Who should control CAFOs?

In the U.S., a concentrated animal feeding operation (or CAFO) is a livestock farm where animals are “confined on site for more than 45 days during the year.” What makes such operations “large scale” depends on the type and number of animals — “1000 head of beef cattle, 700 dairy cows, 2500 swine weighing more than 55 lbs, 125 thousand broiler chickens, or 82 thousand laying hens.”

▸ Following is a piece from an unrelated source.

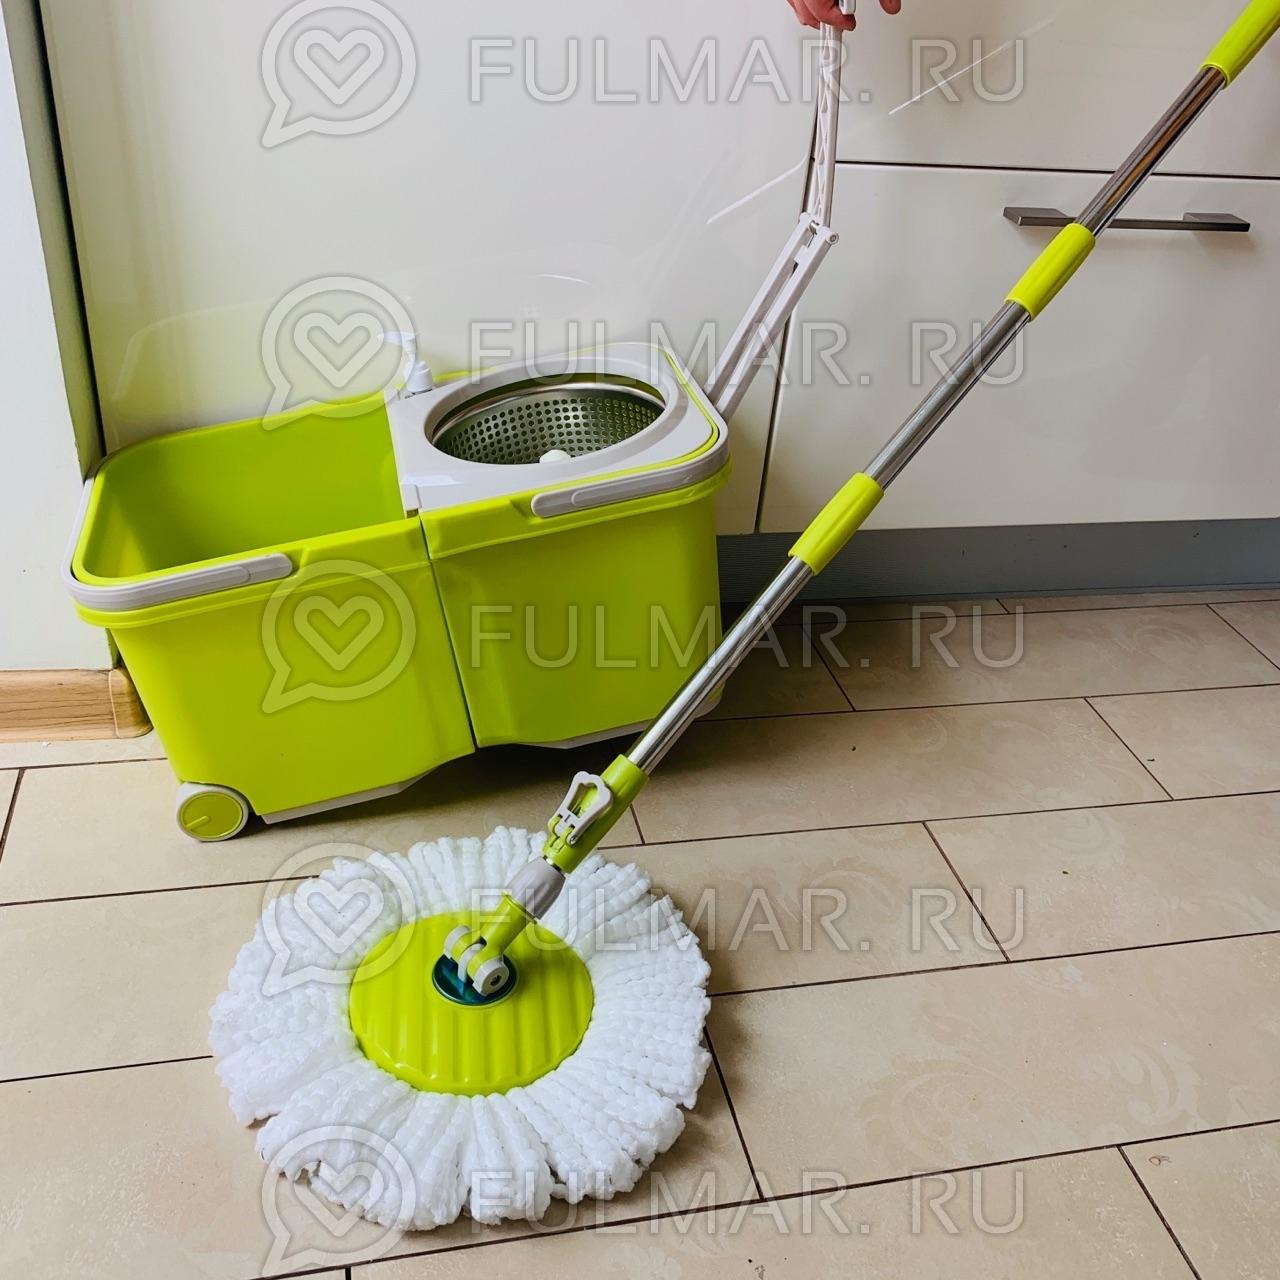 Складное ведро с отжимом на колёсах Spin Mop Stackable Wheels (комплект для мытья пола на колёсах)

According to the U.S. Department of Agriculture’s (USDA’s) recent Census of Agriculture (here), there were 93.6 million cattle and calves residing on nearly 883,000 ranch farms in 2017. Approximately 1.25% of those farms were “large scale,” controlling more than 38% of all cattle and calves (in 2012, 1.15% of cattle farms were large scale). In the case of hogs, more than 93% of the 72.4 million hogs raised on farms in 2017 had at least 2,000 animals; that is, 12.5% of the 66,000 hogs farms in the U.S. were large (compared to 12.2% in 2012).

Princess-Anne-CAFO

CAFOs, especially large ones, are controversial for many reasons, but mostly because of the impact they have on the environment. These operations produce millions of tons of manure every year. Even when properly managed, the risks to the environment and public health are significant. For example, the U.S. Environmental Protection Agency (EPA) says that “Manure and wastewater from AFOs have the potential to contribute pollutants such as nitrogen and phosphorus, organic matter, sediments, pathogens, hormones, and antibiotics to the environment.” Operators of CAFOs are required to follow a compendium of federal and state rules.

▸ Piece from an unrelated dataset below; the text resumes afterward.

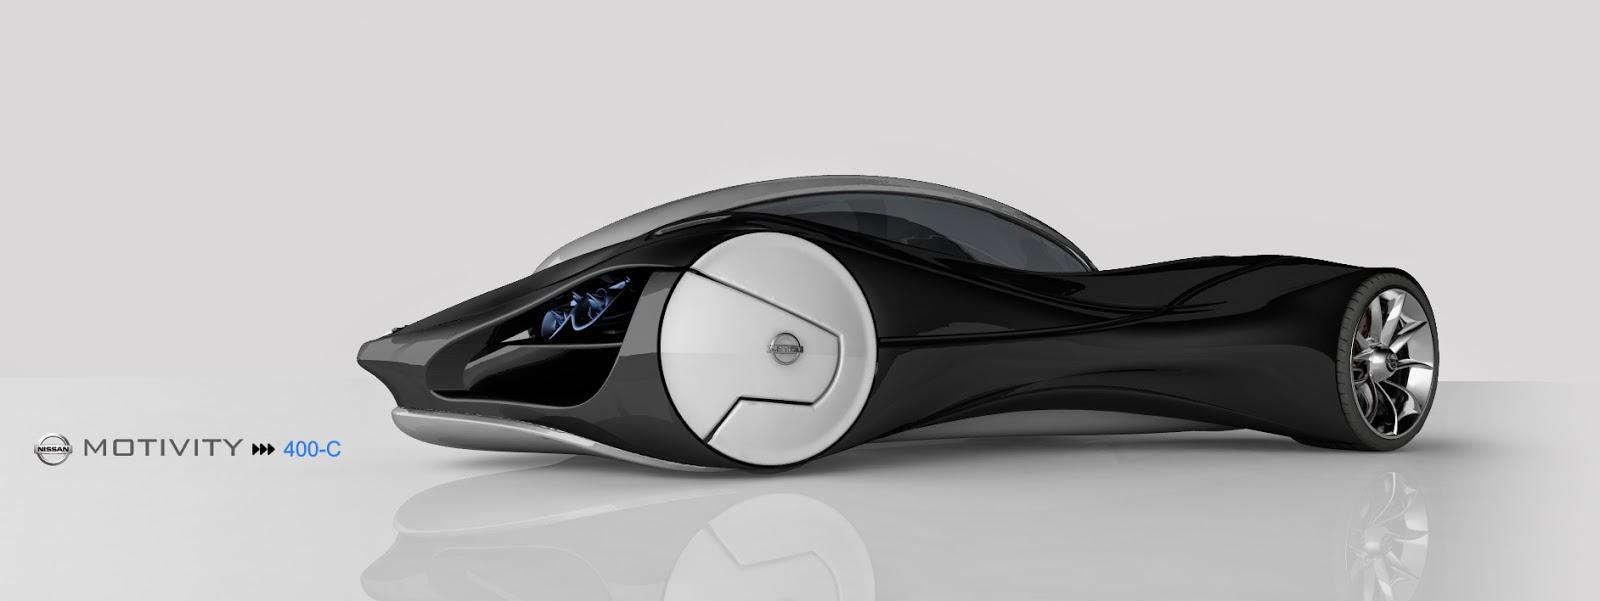 Motivity 400C da Nissan será o carro mais rápido do mundo...

Since federal and state rules govern the operation of CAFOs, should local governments also have a regulatory say? Stated differently, should states prohibit local governments from regulating or controlling the placement and operation of CAFOs in or near their communities?

On May 2, 2019, the Missouri Senate “passed a bill to block local officials from regulating industrial farms more strictly than the state does.” The measure, Senate Bill 391, states that “county commissions and county health center boards shall not impose standards or requirements on an agricultural operation and its appurtenances that are inconsistent with or more stringent than any provisions of law, rules, or regulations relating to the Department of Health and Senior Services, environmental control, the Department of Natural Resources, air conservation, and water pollution.” The Missouri House will now weigh in on the measure, a vote that could come as early as May 17.

On the one hand, placing restrictions on local control of CAFOs provides a uniform policy to producers within the state and allows states to balance the benefits from the efficient production of beef and pork, as well as dairy, broilers and eggs, with the environmental, health and other costs. Estimating benefits and costs might also be easier at a macro than at a local level. On the other hand, the direct environmental impacts of CAFOs are almost always felt at the local level. It’s hard to ignore the complaints of neighbors who suffer because of the stench of a pig manure lagoon a mile down the road, unless you are a state legislator who doesn’t live near one.

Another way to think about this is as a battle between economic interests and quality of life. Are the economic benefits from having a large hog operation in the community worth the unpleasantness of living near one? Not surprisingly, states usually opt in favor large scale agriculture, especially if large agribusinesses have well-paid lobbyists.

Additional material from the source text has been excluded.